■ Work instructions: Your response should contain every line from the data below that holds the string "những".

(Collection entries)
|---|

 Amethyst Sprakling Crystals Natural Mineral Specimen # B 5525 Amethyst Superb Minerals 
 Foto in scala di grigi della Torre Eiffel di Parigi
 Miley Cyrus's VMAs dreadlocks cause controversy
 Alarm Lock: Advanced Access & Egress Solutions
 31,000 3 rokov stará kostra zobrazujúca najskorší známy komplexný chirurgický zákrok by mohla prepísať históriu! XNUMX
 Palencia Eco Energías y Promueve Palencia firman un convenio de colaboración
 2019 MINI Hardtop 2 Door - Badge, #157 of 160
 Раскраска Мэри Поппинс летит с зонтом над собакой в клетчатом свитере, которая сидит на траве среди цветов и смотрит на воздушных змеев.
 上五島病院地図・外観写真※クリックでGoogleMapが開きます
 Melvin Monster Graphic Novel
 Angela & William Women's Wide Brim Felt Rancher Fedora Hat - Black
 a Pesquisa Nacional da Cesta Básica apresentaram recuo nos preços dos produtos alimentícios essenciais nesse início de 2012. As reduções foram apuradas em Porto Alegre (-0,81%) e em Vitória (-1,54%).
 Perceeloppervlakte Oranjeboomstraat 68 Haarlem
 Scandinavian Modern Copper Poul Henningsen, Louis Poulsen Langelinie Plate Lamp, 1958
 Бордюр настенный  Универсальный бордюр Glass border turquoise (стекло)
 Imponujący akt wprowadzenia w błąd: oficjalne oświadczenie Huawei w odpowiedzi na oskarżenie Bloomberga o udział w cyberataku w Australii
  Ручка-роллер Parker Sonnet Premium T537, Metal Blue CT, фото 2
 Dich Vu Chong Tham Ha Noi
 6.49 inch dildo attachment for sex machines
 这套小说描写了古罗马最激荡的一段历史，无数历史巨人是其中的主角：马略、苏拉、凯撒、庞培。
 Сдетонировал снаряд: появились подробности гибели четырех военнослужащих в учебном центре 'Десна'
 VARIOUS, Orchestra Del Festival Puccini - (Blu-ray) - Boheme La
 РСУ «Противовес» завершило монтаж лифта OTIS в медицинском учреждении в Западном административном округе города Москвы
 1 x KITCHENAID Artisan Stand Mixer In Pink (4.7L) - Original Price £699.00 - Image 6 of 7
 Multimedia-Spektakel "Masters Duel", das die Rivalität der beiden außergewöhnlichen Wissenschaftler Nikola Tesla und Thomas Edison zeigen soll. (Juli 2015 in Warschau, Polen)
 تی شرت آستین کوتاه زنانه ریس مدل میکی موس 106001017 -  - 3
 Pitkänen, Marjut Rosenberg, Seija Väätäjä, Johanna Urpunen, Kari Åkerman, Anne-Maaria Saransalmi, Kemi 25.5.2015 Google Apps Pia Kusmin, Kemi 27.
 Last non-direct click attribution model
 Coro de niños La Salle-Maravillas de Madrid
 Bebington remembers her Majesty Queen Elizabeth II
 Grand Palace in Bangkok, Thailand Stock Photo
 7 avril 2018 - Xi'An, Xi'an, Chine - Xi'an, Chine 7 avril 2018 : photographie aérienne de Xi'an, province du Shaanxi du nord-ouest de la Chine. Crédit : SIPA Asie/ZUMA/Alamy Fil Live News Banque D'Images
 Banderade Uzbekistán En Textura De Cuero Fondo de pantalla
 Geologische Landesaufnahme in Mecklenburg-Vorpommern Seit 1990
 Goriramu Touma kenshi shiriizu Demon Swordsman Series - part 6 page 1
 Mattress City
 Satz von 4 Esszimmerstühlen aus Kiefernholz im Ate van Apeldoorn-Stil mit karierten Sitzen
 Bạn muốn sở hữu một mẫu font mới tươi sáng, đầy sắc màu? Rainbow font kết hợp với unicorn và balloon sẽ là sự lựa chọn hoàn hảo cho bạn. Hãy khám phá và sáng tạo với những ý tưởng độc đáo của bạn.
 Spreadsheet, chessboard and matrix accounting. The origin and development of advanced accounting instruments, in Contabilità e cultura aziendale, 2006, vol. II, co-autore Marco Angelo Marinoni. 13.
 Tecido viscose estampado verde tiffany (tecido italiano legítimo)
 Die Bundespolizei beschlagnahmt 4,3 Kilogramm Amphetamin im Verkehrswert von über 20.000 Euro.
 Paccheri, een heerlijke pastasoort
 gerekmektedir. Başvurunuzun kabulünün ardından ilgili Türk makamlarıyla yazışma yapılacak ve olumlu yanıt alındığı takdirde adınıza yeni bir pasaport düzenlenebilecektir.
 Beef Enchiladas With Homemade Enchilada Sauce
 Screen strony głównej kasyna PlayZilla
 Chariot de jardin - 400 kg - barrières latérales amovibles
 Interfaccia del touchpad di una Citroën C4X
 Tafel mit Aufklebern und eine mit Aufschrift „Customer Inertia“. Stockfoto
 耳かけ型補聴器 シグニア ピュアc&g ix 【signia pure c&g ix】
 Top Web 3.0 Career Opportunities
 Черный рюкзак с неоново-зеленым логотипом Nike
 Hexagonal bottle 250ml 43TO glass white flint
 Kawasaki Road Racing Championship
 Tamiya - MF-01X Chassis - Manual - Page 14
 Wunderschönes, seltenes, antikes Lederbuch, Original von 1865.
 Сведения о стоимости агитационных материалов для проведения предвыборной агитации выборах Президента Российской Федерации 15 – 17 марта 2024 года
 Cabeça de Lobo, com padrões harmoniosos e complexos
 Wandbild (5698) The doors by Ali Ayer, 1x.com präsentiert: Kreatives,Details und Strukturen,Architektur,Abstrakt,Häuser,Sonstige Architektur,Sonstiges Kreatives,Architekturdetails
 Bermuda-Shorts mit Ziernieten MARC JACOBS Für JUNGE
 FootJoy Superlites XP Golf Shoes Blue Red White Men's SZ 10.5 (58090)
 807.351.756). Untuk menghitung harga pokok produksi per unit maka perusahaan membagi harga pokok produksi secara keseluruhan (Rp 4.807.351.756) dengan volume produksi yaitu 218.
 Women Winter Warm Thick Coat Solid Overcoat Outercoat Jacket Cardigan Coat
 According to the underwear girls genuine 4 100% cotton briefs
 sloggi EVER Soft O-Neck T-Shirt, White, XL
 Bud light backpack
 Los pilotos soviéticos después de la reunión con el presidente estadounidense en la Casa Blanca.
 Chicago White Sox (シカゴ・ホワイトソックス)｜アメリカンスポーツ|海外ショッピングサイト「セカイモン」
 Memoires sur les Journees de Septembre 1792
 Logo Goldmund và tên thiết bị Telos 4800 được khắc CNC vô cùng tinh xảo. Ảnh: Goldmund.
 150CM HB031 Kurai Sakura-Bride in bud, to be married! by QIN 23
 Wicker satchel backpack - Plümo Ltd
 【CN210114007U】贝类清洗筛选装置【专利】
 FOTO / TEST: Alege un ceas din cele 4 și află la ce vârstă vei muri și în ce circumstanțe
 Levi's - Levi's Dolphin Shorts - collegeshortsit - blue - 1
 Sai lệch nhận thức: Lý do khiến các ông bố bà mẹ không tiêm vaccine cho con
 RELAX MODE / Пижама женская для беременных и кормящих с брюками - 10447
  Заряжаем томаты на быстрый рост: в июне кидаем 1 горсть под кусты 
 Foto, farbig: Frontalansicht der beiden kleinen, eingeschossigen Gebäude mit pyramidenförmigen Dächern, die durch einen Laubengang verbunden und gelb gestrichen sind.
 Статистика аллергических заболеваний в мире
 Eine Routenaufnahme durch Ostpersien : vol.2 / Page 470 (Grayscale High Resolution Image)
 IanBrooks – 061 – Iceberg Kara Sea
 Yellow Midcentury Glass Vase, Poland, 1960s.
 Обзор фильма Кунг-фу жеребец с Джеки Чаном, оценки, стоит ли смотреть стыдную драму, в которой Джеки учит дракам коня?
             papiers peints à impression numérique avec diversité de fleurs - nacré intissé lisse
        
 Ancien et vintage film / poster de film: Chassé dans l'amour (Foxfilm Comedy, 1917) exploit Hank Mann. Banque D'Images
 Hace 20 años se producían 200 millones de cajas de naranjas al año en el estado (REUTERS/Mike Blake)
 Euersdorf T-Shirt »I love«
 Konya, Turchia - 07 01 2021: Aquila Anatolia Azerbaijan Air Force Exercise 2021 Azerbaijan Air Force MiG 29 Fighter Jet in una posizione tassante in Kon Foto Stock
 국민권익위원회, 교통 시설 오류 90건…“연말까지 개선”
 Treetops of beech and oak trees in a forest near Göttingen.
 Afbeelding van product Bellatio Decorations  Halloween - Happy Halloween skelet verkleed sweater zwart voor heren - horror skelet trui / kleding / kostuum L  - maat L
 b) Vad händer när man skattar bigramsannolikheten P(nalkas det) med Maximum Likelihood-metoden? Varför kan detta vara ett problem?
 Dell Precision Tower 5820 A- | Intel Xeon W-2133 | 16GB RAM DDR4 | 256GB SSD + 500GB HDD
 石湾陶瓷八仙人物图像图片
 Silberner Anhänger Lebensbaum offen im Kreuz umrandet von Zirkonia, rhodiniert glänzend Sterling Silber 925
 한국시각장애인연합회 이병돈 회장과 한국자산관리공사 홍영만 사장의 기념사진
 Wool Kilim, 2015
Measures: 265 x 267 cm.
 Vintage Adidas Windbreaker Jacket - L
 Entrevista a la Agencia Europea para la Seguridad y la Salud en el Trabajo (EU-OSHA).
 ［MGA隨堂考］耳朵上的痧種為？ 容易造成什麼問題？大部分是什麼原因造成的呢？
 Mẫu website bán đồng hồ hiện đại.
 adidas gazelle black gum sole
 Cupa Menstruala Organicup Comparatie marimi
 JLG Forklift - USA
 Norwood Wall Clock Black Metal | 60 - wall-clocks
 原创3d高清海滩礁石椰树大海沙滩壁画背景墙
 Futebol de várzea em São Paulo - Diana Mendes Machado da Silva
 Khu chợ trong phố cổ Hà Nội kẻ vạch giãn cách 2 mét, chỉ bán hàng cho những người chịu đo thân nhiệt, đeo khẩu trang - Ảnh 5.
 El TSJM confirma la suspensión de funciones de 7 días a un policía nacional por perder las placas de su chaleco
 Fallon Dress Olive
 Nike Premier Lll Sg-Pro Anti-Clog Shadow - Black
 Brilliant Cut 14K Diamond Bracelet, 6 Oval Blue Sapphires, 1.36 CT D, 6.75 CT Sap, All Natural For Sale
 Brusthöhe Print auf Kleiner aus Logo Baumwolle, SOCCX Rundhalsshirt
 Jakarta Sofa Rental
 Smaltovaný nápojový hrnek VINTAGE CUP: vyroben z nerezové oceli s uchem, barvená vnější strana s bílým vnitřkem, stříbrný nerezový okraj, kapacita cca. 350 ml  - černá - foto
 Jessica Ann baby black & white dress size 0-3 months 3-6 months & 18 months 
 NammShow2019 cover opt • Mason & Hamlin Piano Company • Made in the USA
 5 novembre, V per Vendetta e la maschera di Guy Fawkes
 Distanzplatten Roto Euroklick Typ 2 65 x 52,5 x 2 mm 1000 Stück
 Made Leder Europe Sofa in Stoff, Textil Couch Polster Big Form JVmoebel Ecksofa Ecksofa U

|---|

■ Answer area:
 Bạn muốn sở hữu một mẫu font mới tươi sáng, đầy sắc màu? Rainbow font kết hợp với unicorn và balloon sẽ là sự lựa chọn hoàn hảo cho bạn. Hãy khám phá và sáng tạo với những ý tưởng độc đáo của bạn.
 Khu chợ trong phố cổ Hà Nội kẻ vạch giãn cách 2 mét, chỉ bán hàng cho những người chịu đo thân nhiệt, đeo khẩu trang - Ảnh 5.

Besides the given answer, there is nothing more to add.